# Disciplines for a former trotter?



## horselover_89 (26 November 2017)

Hi everyone,

I own a horse who used to be a racehorse; we've now worked through some problem areas such as bending his neck, lowering his head and raising his back and he's been taught the very basics of dressage. Recently I went to the Gallops in North London, and he loved trotting in a straight line- he was ecstatic! I was considering abandoning dressage and focussing on a discipline that is more aligned with his existing strengths- do you have any recommendations?

Thanks!


----------



## Leo Walker (26 November 2017)

Endurance?


----------



## paddi22 (26 November 2017)

just be wary that all your good dressage work could be undone if he is trotting for ages hollow and not working properly.  He might be finding the dressage a bit tougher as he is being asked to work properly, but its good to keep on with it and he will soon be suppeller and stronger.  I have an exracer and he struggled too at the start, but in the end he really enjoyed dressage

At the end of the day we get horses to do the jobs WE want them to do. I'm sure he will come around to enjoy whatever job you want him to do.

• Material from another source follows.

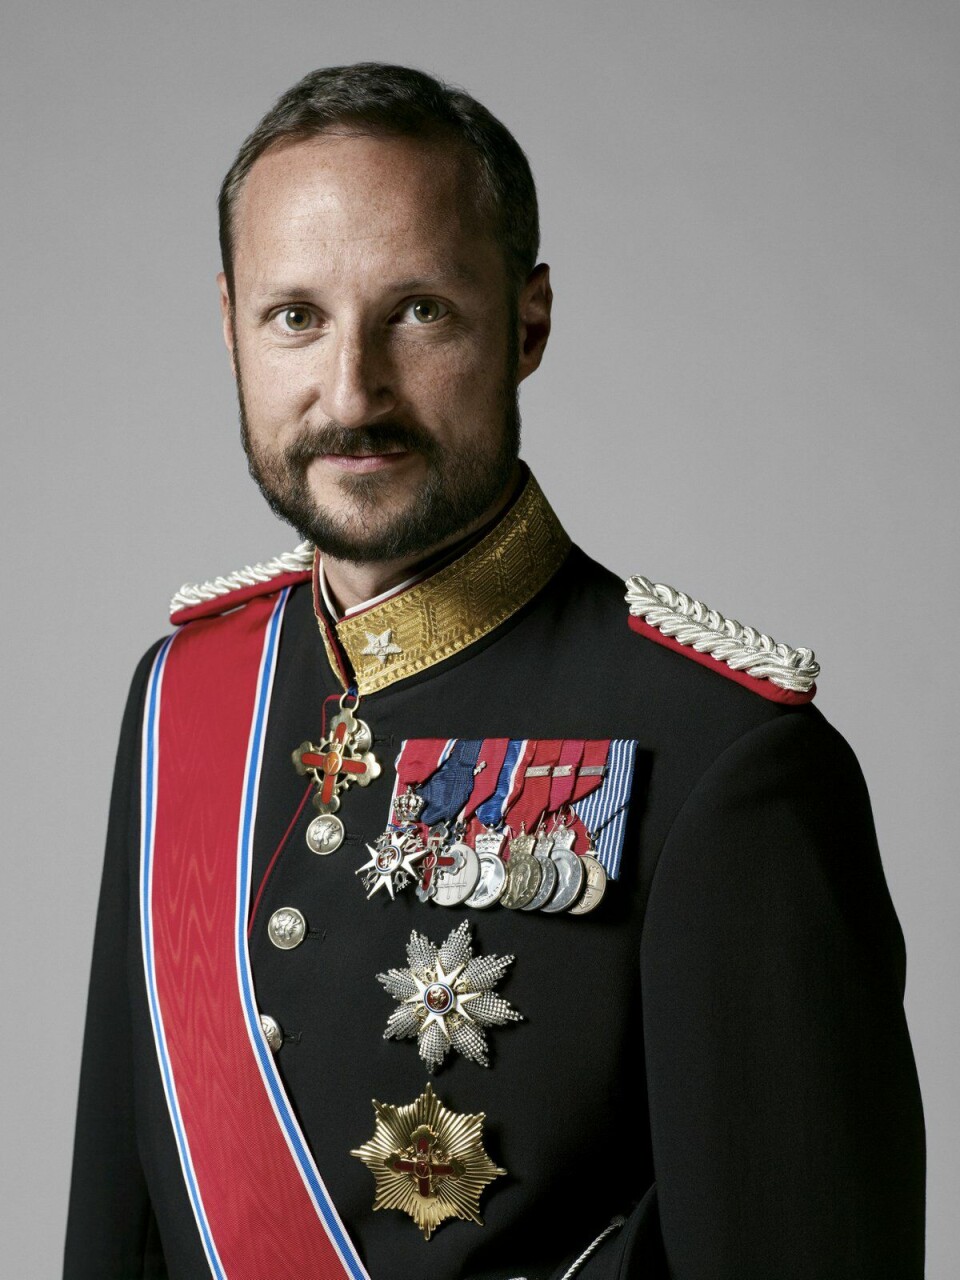 Prinsheerlijk Haakon Magnus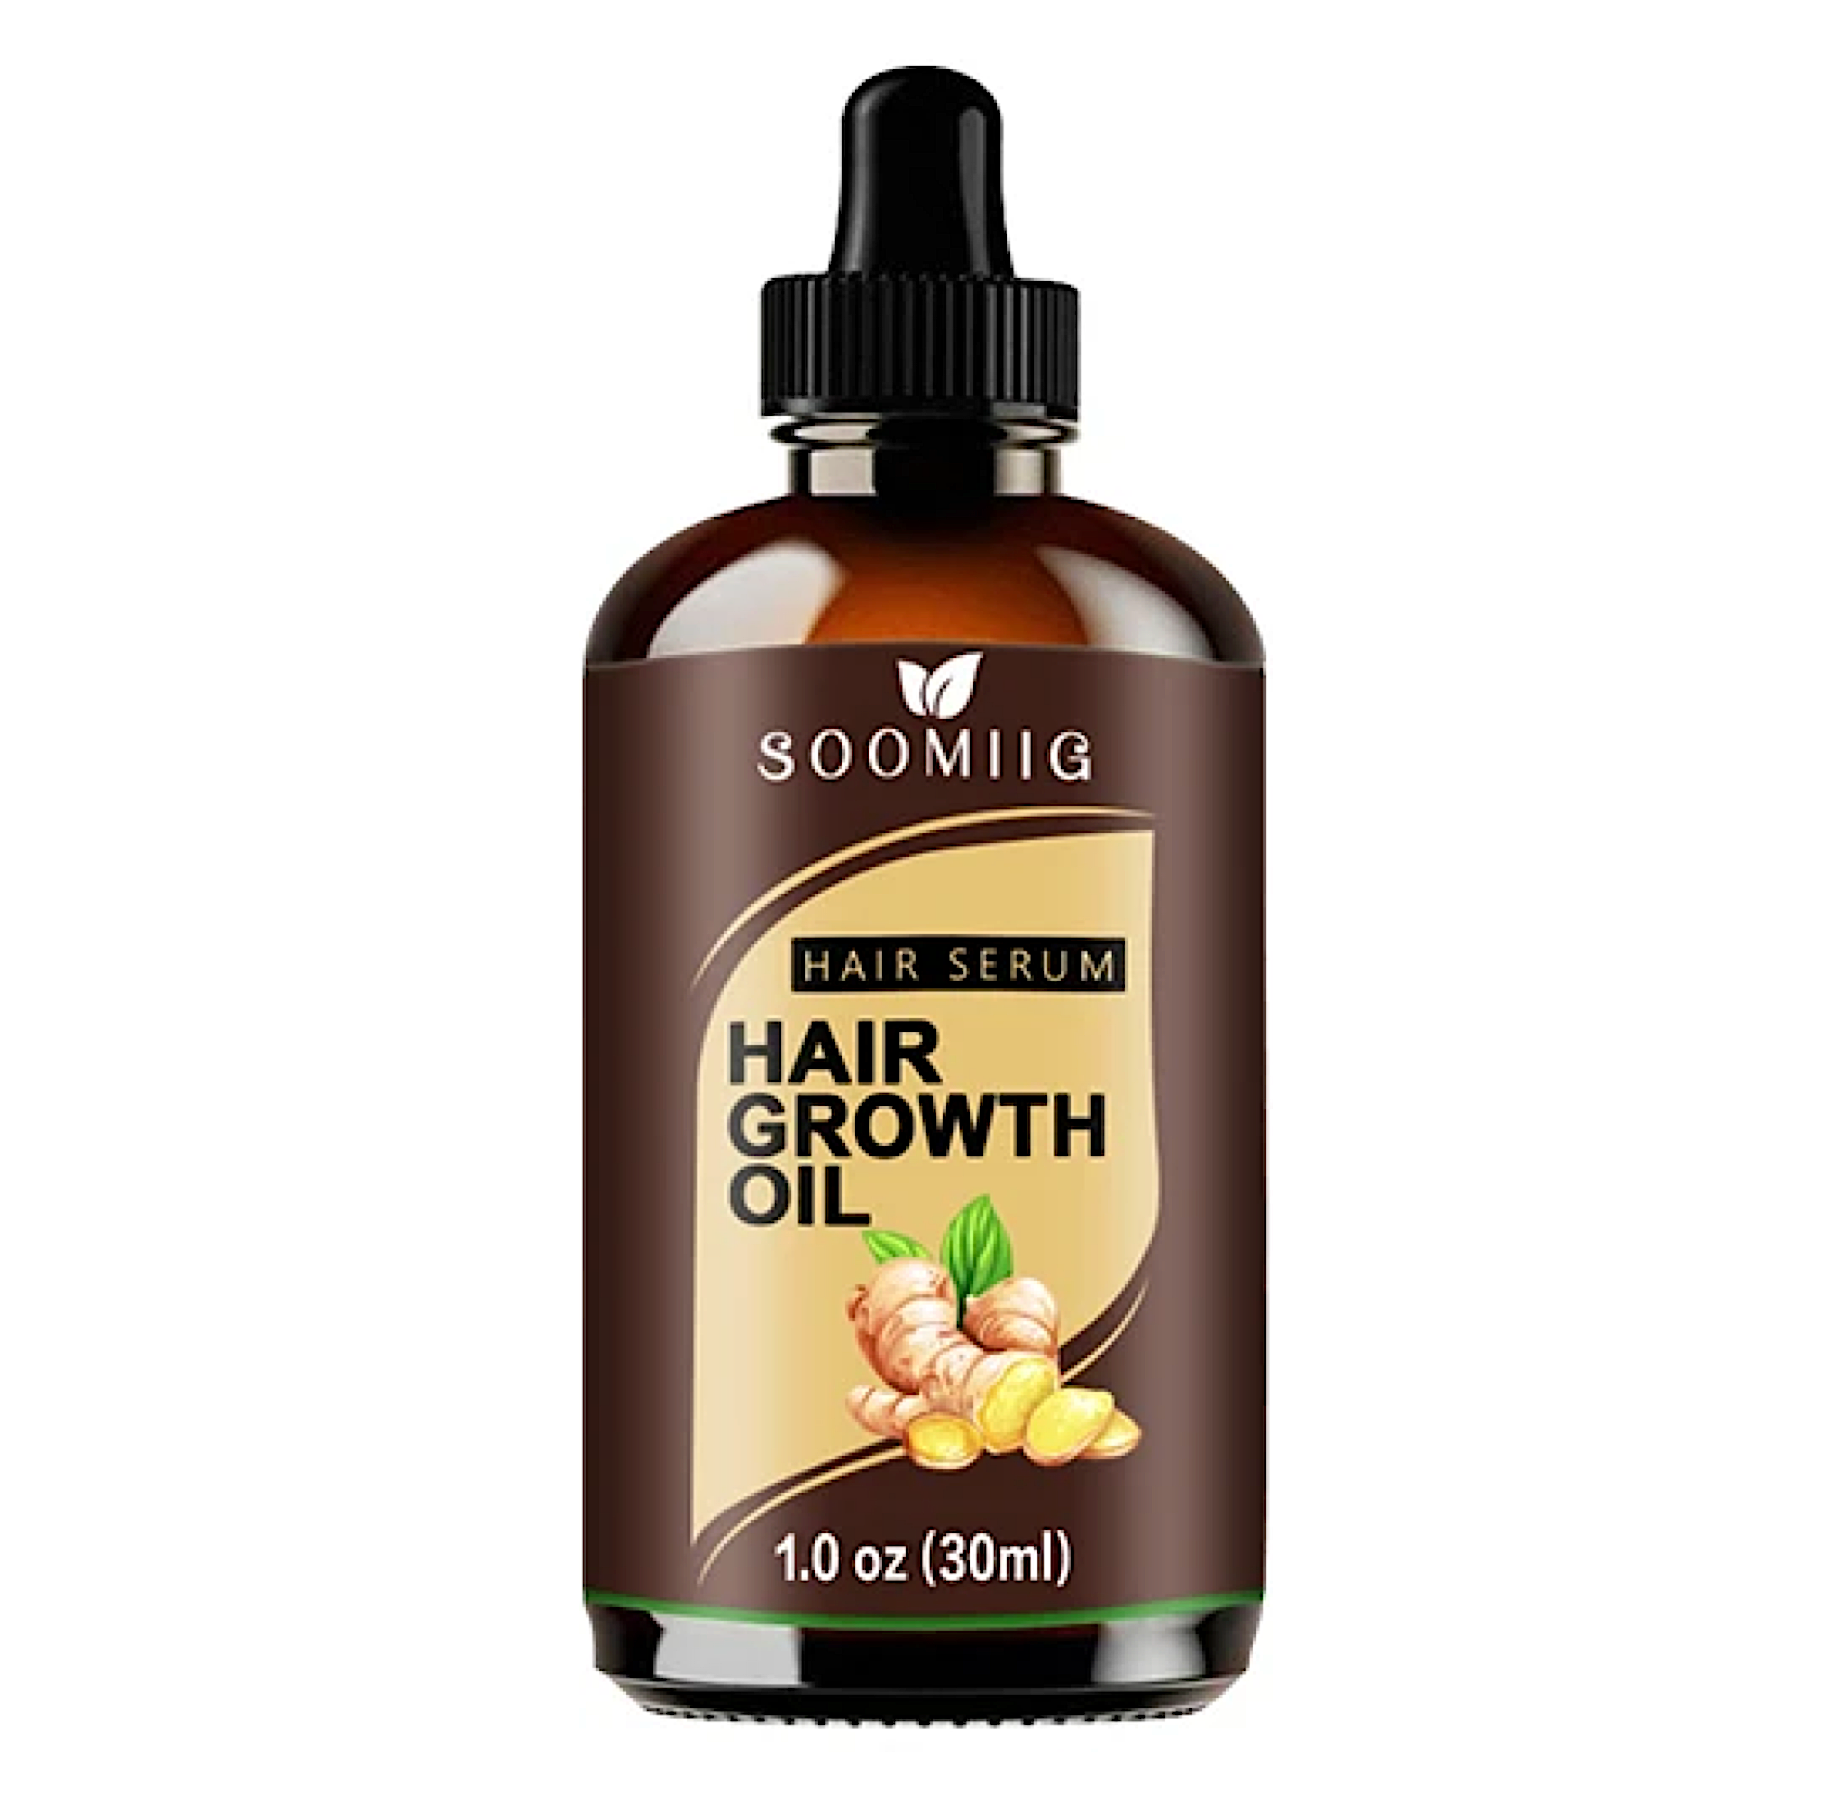 Soomiig Hair Serum Hair Growth Oil 30ml

You sound sensitive to his feeling, so im sure you can both get out doing what you would like


----------



## silv (26 November 2017)

Quite a few Standardbreds are doing well over here in NZ at Endurance, (the lower distances) and Competitive Trail Riding, not sure if there is a UK equivalent.  They tend to be sound with good feet and have low heart rates.  It is nice to see them enjoying life outside racing as they tend to be kind and honest.


----------



## paddi22 (26 November 2017)

sorry had assumed it was an exracer. I've an extrotter too at the moment and she does a bit of dressage but absolutely loves fun rides and mini hunts. I plan to do mini eventing next year. they tend to be very clever and willing, so im sure yours will love whatever you choose to do. I got mine in as a project but absolutely adore her and she's been great fun to retrain


----------



## Lanky Loll (27 November 2017)

They are great for endurance but equally with patience can turn a hoof to just about anything.


----------



## joosie (27 November 2017)

Here in France we see a lot of ex-trotters out  showjumping.


----------



## Double_choc_lab (27 November 2017)

Our Standardbred loved endurance - could trot for miles with her big shoulders.


----------